▶ _Directions_: Transcribe the stretch of entries below from the line with "Whirlpool Shelf Parts, Illus." through the line with "Maggie Cat Eye", exactly and with both ends included; leave out all other lines.

==========

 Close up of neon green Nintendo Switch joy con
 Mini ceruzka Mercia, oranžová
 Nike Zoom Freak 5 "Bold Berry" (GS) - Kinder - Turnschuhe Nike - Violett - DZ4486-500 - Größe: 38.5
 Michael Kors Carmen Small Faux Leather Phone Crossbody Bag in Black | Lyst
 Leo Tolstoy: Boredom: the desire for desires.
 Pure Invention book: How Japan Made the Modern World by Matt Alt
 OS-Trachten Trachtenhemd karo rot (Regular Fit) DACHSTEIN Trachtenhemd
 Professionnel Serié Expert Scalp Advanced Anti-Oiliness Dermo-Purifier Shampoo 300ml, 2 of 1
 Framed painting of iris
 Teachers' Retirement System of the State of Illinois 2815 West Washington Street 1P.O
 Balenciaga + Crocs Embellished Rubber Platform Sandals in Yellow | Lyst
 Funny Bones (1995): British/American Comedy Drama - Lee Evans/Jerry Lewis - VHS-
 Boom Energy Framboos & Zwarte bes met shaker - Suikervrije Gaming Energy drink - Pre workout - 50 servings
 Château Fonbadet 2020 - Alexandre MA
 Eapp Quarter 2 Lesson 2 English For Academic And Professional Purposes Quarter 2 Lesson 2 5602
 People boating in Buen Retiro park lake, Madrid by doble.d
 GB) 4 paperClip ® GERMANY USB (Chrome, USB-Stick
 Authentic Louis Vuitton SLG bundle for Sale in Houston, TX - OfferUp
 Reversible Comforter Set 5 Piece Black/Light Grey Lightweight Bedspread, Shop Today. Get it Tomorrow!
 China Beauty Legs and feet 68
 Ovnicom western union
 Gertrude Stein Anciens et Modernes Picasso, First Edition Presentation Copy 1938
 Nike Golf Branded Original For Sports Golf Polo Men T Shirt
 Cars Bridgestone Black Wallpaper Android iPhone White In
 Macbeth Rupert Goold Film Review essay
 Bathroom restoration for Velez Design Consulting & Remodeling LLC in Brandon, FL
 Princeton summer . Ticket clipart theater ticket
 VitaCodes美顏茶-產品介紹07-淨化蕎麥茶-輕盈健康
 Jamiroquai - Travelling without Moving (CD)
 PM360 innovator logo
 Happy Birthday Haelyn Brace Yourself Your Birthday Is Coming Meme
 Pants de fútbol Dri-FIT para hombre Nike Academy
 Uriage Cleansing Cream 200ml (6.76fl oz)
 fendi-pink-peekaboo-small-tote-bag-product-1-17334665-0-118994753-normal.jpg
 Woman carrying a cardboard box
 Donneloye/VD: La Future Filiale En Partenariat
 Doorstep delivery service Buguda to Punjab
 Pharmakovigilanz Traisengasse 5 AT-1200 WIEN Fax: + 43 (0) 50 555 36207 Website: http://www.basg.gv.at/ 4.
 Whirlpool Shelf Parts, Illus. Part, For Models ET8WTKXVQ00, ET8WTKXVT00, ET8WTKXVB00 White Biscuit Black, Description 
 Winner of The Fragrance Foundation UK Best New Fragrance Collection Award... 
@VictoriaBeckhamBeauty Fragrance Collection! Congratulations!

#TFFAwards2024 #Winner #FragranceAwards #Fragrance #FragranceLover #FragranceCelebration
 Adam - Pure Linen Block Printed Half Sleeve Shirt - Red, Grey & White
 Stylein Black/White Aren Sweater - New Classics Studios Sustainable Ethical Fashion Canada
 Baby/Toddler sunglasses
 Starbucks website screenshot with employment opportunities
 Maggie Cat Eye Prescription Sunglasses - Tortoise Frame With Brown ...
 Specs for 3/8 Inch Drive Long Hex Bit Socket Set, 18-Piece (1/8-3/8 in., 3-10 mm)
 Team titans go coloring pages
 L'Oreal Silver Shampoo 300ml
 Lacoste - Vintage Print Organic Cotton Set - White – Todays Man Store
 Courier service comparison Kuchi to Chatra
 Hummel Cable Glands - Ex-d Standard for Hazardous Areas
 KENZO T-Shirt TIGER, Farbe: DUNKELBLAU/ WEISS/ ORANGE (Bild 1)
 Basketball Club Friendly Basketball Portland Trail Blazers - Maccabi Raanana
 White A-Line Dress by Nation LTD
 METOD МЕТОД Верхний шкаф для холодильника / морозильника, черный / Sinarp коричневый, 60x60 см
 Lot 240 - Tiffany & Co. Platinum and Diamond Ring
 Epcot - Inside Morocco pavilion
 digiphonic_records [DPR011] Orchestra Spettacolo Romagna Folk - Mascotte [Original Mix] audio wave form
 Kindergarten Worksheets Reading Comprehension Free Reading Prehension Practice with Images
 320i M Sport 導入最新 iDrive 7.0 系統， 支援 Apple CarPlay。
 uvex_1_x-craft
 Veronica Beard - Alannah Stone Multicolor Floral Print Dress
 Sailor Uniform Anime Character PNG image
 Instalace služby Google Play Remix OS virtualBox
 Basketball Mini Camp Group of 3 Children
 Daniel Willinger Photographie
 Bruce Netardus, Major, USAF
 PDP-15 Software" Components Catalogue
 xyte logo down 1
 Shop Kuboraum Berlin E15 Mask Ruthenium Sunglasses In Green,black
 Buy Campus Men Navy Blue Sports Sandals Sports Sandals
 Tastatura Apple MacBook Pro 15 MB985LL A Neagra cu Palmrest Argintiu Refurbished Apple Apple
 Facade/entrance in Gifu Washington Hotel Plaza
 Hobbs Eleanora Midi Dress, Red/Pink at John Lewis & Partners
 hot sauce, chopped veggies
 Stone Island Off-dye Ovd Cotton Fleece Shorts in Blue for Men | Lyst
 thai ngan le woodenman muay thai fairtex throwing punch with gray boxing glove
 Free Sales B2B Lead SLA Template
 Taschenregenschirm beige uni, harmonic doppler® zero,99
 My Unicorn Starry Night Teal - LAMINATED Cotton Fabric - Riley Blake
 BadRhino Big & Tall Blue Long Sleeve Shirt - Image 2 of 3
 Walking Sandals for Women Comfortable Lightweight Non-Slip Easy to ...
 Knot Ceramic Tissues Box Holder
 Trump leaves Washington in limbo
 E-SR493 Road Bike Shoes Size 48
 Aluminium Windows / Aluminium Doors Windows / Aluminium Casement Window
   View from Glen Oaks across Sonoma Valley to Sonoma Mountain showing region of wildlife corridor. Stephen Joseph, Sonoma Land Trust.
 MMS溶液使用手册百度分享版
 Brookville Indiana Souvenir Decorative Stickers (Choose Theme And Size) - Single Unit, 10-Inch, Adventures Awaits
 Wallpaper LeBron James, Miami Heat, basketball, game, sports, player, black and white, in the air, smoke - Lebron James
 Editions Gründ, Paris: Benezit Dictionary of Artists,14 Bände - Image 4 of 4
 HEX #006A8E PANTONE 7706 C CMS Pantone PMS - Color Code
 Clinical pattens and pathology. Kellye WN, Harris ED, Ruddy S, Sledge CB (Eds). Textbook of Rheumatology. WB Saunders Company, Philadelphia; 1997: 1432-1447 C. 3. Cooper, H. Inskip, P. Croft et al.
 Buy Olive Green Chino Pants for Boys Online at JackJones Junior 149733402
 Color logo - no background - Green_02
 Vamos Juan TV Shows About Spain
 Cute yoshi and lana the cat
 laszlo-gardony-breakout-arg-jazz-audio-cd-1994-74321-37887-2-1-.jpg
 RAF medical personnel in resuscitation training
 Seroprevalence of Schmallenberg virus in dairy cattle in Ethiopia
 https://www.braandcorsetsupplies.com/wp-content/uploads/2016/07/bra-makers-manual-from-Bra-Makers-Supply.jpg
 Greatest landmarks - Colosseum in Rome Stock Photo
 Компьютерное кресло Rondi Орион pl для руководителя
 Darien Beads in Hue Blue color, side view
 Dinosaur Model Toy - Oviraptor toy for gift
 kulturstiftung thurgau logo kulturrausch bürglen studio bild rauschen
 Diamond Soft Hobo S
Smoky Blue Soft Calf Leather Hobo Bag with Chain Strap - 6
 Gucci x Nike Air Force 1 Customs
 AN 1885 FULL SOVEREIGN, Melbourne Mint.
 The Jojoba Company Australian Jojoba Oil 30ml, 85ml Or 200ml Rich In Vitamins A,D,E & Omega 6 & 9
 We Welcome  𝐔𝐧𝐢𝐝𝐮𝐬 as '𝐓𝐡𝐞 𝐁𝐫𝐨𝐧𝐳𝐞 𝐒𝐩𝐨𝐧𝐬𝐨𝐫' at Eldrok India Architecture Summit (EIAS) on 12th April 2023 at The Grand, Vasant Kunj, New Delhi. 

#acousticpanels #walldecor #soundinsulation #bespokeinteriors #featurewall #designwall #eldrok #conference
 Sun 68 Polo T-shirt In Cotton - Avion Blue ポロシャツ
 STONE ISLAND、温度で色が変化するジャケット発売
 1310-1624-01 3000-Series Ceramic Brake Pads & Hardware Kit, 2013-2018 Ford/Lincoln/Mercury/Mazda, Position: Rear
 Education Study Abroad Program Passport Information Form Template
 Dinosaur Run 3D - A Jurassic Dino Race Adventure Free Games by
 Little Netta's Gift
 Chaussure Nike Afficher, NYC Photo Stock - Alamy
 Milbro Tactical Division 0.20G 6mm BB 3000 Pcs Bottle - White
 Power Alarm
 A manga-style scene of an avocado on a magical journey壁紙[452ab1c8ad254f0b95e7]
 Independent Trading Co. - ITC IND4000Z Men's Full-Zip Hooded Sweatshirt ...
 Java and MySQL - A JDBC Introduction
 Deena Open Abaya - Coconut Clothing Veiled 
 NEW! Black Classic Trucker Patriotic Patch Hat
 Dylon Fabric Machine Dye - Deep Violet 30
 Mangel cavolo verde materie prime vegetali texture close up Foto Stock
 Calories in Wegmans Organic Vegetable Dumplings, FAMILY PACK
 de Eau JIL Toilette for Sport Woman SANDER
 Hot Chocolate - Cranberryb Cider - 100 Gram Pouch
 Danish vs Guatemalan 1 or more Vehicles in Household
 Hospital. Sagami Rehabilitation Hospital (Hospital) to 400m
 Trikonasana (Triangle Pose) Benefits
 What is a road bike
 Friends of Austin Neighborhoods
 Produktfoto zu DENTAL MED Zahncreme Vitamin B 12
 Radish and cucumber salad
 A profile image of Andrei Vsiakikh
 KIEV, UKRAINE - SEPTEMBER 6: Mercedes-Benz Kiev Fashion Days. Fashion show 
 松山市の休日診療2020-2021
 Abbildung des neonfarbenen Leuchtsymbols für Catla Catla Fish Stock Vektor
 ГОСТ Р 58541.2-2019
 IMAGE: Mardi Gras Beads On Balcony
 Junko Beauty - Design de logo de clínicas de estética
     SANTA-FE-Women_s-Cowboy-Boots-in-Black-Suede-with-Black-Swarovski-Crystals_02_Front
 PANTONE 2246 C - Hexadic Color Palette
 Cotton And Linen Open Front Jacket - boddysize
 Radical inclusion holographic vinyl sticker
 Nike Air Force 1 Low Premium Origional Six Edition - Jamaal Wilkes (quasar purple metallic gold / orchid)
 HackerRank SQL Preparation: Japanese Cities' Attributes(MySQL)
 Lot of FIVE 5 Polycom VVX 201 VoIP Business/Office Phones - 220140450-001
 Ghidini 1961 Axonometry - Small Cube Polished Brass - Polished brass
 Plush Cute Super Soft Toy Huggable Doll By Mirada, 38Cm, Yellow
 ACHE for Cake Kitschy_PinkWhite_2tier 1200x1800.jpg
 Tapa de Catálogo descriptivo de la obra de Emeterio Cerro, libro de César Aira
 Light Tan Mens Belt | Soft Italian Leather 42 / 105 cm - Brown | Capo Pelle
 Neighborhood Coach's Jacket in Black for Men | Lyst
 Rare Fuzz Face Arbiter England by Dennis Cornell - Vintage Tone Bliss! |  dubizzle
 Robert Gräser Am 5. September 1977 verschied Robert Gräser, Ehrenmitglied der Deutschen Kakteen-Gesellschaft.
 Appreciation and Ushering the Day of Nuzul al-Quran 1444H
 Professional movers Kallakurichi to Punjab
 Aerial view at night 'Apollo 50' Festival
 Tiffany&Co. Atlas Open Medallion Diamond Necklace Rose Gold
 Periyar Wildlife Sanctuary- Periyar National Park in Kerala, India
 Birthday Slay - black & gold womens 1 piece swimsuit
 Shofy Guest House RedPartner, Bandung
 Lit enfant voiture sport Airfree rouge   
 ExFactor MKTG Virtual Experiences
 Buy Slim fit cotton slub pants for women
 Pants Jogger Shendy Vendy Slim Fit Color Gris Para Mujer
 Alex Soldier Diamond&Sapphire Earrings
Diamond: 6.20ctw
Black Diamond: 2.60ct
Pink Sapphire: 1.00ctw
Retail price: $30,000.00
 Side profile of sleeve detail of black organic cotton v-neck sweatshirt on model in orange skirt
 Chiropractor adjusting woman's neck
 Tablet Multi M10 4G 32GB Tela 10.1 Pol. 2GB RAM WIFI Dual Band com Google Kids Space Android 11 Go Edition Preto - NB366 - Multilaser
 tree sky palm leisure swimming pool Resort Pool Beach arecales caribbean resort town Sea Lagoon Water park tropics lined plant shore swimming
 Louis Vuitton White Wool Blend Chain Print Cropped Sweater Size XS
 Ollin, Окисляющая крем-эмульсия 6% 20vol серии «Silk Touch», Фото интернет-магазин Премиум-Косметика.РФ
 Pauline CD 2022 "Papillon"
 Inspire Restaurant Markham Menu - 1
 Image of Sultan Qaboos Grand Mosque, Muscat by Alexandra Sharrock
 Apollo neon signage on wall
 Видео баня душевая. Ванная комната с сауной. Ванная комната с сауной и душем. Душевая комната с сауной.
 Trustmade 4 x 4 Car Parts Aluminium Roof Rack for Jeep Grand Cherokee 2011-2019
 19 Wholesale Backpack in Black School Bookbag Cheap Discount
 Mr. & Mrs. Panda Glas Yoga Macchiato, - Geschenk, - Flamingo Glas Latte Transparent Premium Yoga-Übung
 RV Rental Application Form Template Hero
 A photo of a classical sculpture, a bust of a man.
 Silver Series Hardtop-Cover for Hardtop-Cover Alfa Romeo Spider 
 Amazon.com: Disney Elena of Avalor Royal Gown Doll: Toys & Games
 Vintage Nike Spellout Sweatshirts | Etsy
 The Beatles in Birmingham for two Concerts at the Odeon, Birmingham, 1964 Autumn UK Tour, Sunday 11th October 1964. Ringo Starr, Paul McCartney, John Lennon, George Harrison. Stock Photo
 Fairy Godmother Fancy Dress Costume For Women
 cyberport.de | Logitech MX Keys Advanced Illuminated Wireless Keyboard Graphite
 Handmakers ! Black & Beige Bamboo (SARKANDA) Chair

==========

▶ _Finished exercise_:
 Whirlpool Shelf Parts, Illus. Part, For Models ET8WTKXVQ00, ET8WTKXVT00, ET8WTKXVB00 White Biscuit Black, Description 
 Winner of The Fragrance Foundation UK Best New Fragrance Collection Award... 
@VictoriaBeckhamBeauty Fragrance Collection! Congratulations!

#TFFAwards2024 #Winner #FragranceAwards #Fragrance #FragranceLover #FragranceCelebration
 Adam - Pure Linen Block Printed Half Sleeve Shirt - Red, Grey & White
 Stylein Black/White Aren Sweater - New Classics Studios Sustainable Ethical Fashion Canada
 Baby/Toddler sunglasses
 Starbucks website screenshot with employment opportunities
 Maggie Cat Eye Prescription Sunglasses - Tortoise Frame With Brown ...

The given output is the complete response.